Ya en nuestro siglo, en una España políticamente sin pulso y socialmente sumida en las divisiones y los odios, nos encontramos con la más dolorosa de las guerras modernas por haber sido entre hermanos. Pero también están nuestros mártires. No se improvisa tanto heroísmo. Fueron ellos fruto heredado de una fe que, alimentada por nuestras madres y nuestra Iglesia, les hizo dar un testimonio conmovedor que ahora cantaría un poeta francés, Paul Claudel, como antaño lo hiciera, a los primeros, Aurelio Prudencio. Esperamos que algún día llegue para ellos el reconocimiento de la Iglesia, como antaño fue ofrecido a los de aquellos siglos remotos.
Terminada nuestra guerra, nos tocó vivir un largo período de reconstrucción nacional bajo un régimen político de singulares características, que algún día será estudiado sin el apasionamiento con que hoy se escribe y se habla del mismo. Los fallos que se dieron no autorizan a esas impugnaciones continuas, generalizadas y frecuentemente injustas, entre otras razones porque se olvidan los antecedentes que están en el origen de muchos comportamientos.

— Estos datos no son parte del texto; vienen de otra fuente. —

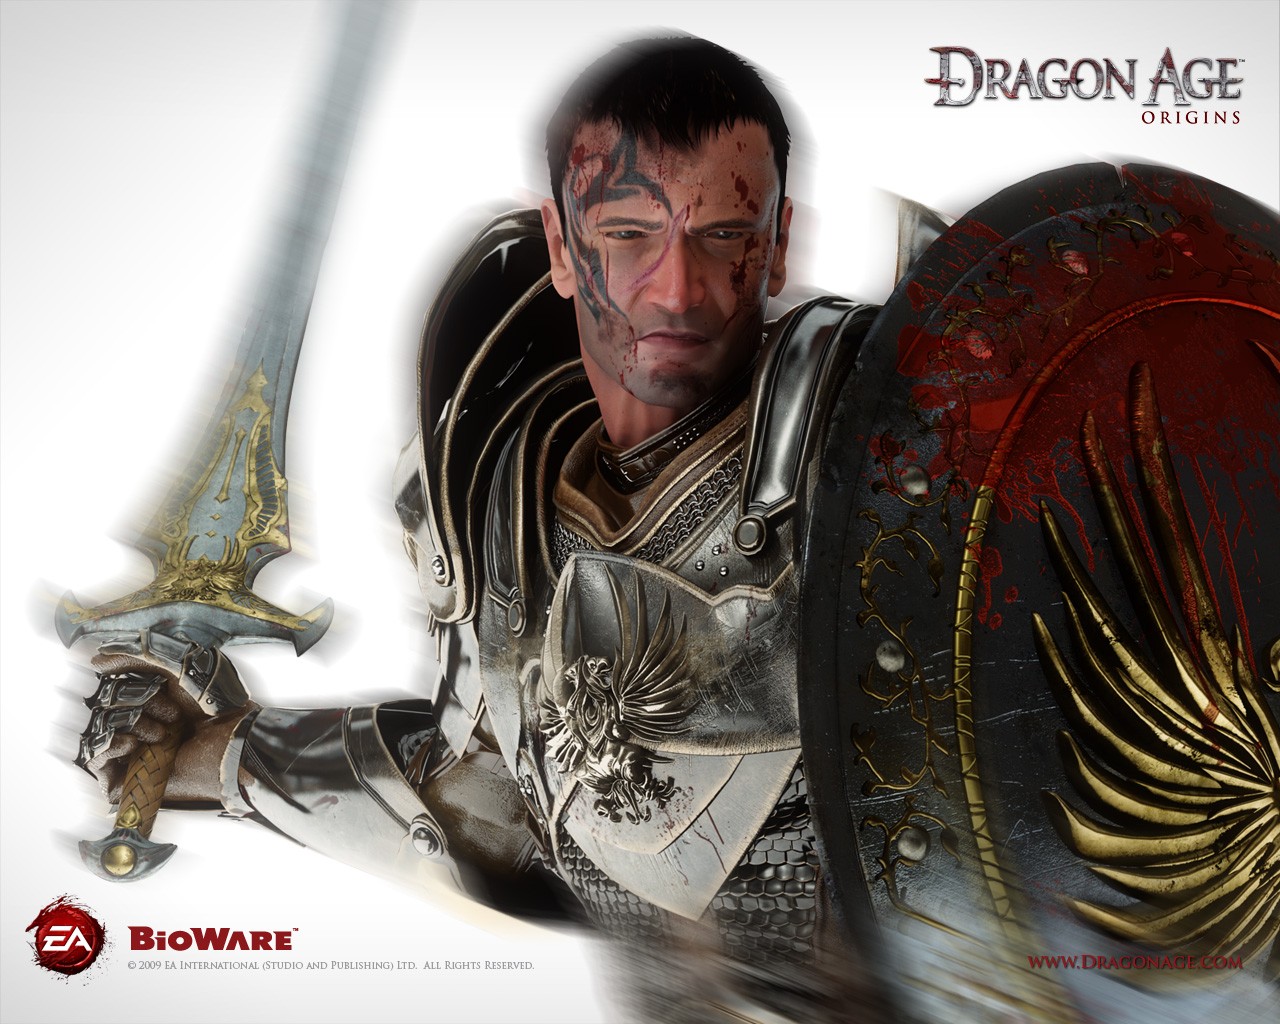 General 1280x1024 Dragon Age: Origins video games 2009 (Year) RPG sword Bioware PC gaming fantasy men video game men shield armor simple background white background Electronic Arts

Lo que sí afirmo es que, una vez más, el pueblo católico de España vivió con gozo, después de nuestra guerra, la herencia secular de su fe. Se produjo una explosión impresionante de religiosidad pública y privada, abundaron las vocaciones sacerdotales y religiosas en número insospechado, se erigieron instituciones apostólicas innumerables, surgieron por todas partes hombres y mujeres excepcionales, clérigos y seglares, que realizaron un trabajo de evangelización y predicación de la palabra de Dios difícilmente superable. Con defectos de metodología pastoral muy explicables, pero con un amor inmenso al contenido de la fe, tal como la Iglesia lo proponía, y al pueblo cuya conciencia cristiana se quería cultivar. Una vez más, se hizo patente la fecundidad de esa fe católica en todas las zonas de España. Dejemos a un lado las discusiones sobre el nacional-catolicismo, alentado por muchos sectores eclesiásticos que después lo impugnaron, y que no fue privativo de esa época, sino secular manifestación de la anterior monarquía española.
So pena de cometer una tremenda injusticia histórica, no se puede negar que el pueblo español de esa época siguió siendo fiel a la herencia recibida. Por debajo y en la raíz de muchas manifestaciones externas de la fe, que tampoco son despreciables, porque forman parte de la religiosidad popular, están las grandes convicciones que son el fundamento de las mismas, y que lo fueron también en los años de que hablo.
Valores religiosos que se han vivido, a lo largo de los siglos, en la Iglesia de España #
En primer lugar, la Eucaristía. Todos sabemos que el corazón de la Iglesia es la Eucaristía. Y así lo ha entendido siempre el pueblo español. España ha vivido profundamente de la Eucaristía como celebración del sacrificio de Cristo y como presencia continuada suya, La Misa, las visitas al Santísimo, la Adoración Nocturna, las asociaciones eucarísticas, todo esto pertenece al sentir de una familia tradicional española. La Eucaristía como unidad, como fuerza, como alimento, como vínculo de unión con el hermano, como vida de gracia, don de Dios. La Eucaristía como acción sagrada por excelencia, como pan de vida, por la que participamos de la vida de Cristo resucitado. Ese carácter privilegiado de la presencia del Señor que fundamenta el culto eucarístico, tan importante en la vida cotidiana.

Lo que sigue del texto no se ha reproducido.